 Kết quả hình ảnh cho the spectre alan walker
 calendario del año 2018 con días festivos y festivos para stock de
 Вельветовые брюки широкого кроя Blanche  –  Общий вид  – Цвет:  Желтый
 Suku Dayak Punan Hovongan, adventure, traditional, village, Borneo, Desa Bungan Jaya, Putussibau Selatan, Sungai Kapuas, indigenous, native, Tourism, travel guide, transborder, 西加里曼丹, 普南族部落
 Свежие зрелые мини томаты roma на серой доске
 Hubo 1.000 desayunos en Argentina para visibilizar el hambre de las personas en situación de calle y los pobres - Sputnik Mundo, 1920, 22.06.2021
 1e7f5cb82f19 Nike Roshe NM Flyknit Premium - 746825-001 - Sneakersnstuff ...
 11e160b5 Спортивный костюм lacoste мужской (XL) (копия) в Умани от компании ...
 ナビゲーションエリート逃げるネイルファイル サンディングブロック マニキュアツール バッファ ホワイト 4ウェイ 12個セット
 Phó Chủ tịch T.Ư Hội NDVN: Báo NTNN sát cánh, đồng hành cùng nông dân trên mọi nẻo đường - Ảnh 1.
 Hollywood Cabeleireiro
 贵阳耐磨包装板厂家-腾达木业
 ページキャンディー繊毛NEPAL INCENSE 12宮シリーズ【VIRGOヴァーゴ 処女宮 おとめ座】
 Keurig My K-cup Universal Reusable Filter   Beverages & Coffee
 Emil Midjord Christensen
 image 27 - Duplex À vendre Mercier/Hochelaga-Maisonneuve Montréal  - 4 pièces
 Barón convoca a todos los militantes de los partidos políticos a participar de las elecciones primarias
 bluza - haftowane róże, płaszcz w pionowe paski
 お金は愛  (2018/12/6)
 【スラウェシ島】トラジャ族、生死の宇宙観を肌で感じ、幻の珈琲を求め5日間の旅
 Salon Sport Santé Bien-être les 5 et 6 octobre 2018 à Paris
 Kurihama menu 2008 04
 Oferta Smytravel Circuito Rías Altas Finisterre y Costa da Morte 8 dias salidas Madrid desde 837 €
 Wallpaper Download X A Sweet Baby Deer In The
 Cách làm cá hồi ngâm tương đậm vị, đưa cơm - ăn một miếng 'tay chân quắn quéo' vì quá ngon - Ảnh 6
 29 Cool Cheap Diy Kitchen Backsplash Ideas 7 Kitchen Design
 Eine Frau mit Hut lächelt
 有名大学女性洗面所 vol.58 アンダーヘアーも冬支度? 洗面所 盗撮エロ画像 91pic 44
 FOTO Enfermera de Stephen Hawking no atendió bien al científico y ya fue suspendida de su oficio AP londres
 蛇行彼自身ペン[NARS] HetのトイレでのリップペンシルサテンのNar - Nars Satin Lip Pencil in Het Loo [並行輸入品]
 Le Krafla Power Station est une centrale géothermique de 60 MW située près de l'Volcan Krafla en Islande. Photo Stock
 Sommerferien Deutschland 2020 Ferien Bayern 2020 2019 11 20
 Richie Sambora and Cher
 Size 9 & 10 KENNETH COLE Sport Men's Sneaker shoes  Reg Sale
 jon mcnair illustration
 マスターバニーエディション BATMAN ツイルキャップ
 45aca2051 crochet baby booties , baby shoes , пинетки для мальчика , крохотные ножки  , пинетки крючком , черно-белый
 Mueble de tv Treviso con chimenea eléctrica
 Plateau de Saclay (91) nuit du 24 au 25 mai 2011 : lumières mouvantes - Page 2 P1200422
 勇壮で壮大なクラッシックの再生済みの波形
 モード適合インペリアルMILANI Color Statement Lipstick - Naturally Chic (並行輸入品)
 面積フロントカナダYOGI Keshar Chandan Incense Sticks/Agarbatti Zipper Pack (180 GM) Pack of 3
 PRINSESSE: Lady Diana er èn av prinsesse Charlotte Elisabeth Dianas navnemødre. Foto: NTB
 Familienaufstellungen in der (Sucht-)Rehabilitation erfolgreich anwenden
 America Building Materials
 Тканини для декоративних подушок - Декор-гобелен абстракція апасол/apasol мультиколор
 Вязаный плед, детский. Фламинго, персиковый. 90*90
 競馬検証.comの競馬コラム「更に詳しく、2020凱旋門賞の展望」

------

§ **Exercise instructions**: In the data above, find each line where the string "Sport" appears, then copy it.

§ **Response for this exercise**:
 Salon Sport Santé Bien-être les 5 et 6 octobre 2018 à Paris
 Size 9 & 10 KENNETH COLE Sport Men's Sneaker shoes  Reg Sale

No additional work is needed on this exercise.